- Material supplied -
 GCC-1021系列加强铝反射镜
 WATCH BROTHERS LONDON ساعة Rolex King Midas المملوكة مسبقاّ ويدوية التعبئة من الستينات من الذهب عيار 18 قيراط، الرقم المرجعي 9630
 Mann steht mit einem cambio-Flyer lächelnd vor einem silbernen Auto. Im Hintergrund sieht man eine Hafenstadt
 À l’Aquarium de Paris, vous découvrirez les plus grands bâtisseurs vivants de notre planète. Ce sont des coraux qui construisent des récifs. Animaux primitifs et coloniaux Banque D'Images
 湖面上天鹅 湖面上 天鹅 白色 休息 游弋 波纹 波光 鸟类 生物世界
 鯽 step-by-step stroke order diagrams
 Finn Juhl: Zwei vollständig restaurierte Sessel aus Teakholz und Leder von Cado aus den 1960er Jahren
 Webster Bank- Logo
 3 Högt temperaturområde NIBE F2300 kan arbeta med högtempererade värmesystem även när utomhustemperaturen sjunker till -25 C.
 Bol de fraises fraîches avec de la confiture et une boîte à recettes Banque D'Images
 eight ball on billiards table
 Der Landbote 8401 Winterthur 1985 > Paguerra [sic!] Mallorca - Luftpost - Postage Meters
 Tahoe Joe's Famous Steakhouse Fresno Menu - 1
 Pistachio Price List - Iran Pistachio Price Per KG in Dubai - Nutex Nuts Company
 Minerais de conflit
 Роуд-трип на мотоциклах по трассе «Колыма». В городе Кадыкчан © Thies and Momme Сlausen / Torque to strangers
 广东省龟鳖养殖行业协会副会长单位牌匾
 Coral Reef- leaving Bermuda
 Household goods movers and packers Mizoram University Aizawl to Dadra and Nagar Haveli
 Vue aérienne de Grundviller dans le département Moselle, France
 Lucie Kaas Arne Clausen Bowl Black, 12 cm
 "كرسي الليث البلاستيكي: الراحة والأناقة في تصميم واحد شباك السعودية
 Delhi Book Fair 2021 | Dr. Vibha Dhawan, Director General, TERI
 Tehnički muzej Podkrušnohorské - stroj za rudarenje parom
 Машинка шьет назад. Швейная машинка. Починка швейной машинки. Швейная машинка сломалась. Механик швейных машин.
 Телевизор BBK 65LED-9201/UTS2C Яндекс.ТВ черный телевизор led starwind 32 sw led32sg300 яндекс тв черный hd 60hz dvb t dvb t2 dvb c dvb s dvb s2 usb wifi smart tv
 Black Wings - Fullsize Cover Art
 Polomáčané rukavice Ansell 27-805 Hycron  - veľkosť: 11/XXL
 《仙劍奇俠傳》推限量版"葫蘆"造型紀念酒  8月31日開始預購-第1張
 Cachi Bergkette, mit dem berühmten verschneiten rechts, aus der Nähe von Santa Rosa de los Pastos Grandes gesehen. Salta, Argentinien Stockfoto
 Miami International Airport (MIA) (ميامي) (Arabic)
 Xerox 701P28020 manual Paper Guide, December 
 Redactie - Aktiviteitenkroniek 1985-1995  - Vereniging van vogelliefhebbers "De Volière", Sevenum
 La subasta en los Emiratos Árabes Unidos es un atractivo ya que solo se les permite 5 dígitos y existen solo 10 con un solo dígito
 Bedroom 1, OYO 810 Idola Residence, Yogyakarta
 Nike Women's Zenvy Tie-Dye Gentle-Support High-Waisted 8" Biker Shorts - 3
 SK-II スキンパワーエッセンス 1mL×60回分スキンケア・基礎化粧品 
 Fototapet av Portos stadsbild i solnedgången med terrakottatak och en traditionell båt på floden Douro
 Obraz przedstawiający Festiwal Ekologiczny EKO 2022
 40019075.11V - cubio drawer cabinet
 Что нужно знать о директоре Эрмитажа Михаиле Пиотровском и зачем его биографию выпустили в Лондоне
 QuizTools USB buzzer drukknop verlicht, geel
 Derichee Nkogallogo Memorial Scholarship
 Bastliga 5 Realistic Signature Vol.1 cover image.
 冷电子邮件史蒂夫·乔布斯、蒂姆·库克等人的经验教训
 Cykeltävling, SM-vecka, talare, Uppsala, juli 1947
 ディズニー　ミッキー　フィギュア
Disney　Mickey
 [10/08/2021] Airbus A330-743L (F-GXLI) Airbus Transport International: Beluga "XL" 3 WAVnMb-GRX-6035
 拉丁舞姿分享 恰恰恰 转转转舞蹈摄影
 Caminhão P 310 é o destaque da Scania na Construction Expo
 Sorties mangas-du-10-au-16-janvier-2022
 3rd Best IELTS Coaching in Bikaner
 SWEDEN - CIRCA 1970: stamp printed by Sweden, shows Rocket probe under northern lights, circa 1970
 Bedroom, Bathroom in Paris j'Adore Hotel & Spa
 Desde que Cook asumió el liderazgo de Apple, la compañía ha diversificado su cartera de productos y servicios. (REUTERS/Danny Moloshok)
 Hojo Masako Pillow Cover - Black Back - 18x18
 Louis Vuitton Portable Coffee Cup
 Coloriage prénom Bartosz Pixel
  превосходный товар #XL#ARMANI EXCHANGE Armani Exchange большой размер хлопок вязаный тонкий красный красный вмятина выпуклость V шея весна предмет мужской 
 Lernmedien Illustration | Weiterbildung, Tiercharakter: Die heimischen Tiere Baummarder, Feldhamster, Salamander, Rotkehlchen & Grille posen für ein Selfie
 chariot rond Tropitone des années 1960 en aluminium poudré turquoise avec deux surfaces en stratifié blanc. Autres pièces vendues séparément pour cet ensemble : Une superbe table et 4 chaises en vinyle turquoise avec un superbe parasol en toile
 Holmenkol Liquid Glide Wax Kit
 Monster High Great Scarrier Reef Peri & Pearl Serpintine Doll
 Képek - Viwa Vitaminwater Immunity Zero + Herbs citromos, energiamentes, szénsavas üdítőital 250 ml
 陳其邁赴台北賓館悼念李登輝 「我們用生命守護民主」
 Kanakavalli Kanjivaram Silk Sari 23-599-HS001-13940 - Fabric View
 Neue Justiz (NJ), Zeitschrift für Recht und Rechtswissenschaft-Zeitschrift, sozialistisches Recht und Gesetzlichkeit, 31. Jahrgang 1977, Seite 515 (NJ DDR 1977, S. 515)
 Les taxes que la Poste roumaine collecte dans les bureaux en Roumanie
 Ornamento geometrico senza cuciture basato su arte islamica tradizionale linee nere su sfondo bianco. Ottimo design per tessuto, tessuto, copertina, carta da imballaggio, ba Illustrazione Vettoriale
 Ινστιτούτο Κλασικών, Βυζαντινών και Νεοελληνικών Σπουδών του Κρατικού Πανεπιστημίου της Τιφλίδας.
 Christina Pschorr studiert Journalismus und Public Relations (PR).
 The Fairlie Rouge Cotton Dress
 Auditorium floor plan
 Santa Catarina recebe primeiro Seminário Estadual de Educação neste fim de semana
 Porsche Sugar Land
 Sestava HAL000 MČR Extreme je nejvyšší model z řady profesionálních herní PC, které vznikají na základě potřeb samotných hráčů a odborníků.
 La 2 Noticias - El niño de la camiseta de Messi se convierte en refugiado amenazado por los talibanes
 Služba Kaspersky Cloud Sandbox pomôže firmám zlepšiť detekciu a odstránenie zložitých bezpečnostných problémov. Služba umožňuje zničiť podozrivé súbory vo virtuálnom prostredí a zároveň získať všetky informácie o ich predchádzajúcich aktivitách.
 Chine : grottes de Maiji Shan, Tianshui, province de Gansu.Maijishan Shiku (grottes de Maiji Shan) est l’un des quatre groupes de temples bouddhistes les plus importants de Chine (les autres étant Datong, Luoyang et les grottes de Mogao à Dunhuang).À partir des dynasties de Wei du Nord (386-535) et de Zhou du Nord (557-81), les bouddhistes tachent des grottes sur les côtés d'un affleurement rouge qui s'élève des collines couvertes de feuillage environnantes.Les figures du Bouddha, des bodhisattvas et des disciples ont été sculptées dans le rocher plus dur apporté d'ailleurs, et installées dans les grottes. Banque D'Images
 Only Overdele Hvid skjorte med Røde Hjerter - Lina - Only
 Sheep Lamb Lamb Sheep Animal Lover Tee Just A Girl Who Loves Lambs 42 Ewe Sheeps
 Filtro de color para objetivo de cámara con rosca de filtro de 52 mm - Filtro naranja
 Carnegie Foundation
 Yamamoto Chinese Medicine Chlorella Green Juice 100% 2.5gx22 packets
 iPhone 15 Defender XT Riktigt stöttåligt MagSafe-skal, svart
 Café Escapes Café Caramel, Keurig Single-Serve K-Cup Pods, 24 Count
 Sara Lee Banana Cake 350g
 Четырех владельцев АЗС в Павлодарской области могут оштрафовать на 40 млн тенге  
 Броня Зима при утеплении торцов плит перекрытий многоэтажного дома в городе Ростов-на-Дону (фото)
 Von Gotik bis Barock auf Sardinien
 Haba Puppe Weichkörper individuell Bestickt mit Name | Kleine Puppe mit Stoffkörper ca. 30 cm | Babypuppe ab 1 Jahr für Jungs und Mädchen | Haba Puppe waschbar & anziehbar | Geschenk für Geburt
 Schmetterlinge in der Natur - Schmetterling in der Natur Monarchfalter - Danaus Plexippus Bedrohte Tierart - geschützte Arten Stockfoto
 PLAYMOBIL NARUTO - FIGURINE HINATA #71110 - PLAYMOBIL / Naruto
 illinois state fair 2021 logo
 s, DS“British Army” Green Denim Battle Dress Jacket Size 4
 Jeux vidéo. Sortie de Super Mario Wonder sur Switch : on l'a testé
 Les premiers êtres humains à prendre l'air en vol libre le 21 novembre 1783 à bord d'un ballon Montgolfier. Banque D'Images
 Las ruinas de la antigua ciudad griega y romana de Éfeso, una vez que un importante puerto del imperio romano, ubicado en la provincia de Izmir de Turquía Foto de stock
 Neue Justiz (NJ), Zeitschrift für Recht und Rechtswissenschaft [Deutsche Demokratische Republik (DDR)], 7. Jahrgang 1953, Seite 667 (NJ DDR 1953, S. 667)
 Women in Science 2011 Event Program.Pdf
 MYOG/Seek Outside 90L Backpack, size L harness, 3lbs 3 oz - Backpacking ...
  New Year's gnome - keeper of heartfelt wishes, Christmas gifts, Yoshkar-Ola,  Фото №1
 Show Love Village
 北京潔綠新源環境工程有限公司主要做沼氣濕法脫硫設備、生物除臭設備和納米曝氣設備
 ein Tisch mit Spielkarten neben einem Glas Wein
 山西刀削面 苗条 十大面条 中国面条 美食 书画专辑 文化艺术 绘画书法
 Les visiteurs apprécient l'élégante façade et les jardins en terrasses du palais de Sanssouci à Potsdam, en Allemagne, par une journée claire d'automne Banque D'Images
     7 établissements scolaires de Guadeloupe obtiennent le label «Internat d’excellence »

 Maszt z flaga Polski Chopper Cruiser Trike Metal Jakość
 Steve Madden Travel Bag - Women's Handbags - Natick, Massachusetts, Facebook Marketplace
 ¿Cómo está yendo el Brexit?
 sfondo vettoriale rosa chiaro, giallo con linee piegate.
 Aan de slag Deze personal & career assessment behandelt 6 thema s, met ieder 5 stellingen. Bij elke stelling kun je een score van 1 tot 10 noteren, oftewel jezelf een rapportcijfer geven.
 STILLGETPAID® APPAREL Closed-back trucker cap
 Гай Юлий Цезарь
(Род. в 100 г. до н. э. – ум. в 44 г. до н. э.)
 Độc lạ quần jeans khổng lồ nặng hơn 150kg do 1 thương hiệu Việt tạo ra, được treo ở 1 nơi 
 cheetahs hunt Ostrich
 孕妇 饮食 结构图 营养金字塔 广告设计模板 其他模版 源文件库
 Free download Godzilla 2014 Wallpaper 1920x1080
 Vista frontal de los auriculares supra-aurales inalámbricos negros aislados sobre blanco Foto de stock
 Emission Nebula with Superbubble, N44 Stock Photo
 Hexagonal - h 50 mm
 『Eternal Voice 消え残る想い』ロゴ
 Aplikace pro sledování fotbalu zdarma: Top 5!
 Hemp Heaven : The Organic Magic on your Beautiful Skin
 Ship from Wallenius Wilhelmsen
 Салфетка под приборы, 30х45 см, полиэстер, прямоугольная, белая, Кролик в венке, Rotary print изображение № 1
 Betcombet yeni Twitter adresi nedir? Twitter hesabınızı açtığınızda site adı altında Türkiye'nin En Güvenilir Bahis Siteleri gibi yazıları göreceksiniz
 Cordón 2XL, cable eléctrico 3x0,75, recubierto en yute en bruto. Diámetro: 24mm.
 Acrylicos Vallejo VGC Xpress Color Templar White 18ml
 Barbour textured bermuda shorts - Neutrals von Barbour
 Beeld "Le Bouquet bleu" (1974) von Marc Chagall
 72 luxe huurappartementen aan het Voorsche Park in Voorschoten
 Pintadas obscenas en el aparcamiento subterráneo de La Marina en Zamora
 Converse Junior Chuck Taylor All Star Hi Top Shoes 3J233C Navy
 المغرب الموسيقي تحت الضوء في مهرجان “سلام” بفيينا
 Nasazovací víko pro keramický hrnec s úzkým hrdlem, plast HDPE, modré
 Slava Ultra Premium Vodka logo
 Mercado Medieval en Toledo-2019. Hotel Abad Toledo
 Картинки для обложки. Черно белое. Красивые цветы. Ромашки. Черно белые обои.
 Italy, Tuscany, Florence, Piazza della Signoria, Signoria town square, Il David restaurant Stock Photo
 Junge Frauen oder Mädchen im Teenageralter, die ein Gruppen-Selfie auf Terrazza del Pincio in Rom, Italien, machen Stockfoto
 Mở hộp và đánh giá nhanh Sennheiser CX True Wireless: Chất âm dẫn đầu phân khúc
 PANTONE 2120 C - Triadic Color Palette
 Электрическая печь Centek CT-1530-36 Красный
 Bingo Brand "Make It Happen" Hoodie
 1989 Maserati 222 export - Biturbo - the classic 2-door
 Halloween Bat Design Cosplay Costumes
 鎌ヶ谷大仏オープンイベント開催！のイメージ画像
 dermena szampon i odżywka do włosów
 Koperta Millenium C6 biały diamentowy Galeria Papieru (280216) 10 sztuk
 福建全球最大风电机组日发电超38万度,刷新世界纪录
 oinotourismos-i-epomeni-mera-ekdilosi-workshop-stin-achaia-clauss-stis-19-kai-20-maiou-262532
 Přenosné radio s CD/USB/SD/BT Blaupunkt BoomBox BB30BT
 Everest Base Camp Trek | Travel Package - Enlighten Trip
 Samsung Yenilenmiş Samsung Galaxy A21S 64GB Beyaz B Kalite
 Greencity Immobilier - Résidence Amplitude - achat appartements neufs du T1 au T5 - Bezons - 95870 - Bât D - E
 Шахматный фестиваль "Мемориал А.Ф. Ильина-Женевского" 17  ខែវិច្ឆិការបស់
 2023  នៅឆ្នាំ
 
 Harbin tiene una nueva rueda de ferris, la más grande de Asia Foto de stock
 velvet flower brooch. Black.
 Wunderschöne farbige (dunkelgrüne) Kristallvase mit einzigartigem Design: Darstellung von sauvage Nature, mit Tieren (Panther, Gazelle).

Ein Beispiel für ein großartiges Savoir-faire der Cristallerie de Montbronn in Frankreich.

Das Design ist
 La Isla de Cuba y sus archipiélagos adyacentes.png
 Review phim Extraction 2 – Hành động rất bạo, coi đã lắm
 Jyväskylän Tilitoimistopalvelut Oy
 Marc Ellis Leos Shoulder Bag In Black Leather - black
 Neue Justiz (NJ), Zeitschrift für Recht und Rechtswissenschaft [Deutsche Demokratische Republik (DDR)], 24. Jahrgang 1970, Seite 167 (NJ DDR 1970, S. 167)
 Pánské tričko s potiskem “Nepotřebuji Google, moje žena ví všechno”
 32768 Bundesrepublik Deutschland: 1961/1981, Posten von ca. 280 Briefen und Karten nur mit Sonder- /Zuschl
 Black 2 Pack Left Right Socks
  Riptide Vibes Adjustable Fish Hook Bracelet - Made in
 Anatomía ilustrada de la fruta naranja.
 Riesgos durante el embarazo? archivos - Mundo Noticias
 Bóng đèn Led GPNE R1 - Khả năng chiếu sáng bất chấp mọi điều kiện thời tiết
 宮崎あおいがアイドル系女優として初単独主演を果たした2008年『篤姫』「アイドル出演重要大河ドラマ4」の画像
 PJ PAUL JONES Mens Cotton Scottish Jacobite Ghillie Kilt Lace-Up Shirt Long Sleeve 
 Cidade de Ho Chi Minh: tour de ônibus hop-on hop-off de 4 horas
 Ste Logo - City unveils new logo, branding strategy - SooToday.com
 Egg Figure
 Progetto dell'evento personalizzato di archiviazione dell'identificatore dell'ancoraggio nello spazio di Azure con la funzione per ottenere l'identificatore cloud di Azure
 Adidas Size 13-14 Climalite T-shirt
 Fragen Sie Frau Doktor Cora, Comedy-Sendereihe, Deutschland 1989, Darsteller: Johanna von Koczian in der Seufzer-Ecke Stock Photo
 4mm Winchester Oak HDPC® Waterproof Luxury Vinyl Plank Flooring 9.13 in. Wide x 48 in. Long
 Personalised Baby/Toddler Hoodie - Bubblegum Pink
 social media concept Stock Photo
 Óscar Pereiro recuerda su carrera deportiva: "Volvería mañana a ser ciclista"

- Task instructions -
Up to and including the line containing "WATCH BROTHERS LONDON", please write out the listing exactly, starting from its first line.

- Exercise response -
 GCC-1021系列加强铝反射镜
 WATCH BROTHERS LONDON ساعة Rolex King Midas المملوكة مسبقاّ ويدوية التعبئة من الستينات من الذهب عيار 18 قيراط، الرقم المرجعي 9630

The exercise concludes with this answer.